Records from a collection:
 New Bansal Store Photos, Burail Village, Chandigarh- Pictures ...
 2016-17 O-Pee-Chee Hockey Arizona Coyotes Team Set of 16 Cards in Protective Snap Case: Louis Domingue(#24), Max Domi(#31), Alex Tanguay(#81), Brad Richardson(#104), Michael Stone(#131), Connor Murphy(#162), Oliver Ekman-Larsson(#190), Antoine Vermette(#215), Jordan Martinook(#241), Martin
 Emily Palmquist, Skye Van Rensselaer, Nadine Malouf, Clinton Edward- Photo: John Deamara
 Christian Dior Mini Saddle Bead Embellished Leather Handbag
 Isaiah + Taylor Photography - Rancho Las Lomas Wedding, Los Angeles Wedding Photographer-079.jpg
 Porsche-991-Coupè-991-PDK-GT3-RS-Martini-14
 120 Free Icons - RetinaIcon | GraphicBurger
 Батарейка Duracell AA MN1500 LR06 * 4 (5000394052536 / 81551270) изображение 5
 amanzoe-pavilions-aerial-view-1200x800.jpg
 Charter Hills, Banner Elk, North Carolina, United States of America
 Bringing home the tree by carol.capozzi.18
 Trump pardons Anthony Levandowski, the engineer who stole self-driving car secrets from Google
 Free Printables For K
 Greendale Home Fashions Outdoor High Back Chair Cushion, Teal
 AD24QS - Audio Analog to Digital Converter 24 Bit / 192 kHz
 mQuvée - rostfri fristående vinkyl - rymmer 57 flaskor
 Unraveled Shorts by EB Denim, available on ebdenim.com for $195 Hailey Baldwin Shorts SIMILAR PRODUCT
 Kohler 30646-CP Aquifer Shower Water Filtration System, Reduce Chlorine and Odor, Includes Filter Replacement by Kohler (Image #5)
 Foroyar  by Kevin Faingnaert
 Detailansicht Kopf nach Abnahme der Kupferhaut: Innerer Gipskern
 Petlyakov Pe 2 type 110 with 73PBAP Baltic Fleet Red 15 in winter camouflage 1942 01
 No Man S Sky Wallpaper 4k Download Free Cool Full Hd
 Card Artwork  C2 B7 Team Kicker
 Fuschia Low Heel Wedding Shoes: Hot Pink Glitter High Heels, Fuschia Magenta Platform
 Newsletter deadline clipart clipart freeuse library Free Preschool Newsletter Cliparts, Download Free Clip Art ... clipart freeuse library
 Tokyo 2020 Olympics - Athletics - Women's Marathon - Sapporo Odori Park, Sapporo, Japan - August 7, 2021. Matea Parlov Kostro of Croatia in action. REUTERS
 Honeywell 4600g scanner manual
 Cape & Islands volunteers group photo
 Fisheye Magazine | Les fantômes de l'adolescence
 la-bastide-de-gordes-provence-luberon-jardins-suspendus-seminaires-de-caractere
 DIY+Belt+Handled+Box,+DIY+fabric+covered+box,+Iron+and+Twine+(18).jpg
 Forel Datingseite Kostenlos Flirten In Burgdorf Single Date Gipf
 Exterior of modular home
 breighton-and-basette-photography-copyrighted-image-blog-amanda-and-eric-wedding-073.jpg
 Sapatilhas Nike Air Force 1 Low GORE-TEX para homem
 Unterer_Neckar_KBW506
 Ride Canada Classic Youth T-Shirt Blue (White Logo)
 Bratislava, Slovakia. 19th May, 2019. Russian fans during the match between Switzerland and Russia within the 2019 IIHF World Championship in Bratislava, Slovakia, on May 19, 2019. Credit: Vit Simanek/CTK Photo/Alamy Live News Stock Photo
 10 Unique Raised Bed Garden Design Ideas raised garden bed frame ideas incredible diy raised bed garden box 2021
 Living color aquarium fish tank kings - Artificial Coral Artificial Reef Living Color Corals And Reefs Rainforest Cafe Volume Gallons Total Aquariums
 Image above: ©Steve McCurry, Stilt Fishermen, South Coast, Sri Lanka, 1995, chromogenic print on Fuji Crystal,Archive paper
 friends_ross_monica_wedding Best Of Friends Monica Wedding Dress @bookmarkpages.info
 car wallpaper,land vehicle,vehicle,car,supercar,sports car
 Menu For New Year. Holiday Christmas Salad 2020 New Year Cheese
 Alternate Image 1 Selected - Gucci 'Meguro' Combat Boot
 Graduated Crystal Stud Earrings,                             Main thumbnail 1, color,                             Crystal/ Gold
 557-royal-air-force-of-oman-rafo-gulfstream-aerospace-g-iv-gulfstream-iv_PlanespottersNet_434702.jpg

[WHAT TO WORK ON]: Lines that hold "High" are the ones to copy, so pick each out from the data.

[OUTPUT BELOW]:
 Greendale Home Fashions Outdoor High Back Chair Cushion, Teal
 Fuschia Low Heel Wedding Shoes: Hot Pink Glitter High Heels, Fuschia Magenta Platform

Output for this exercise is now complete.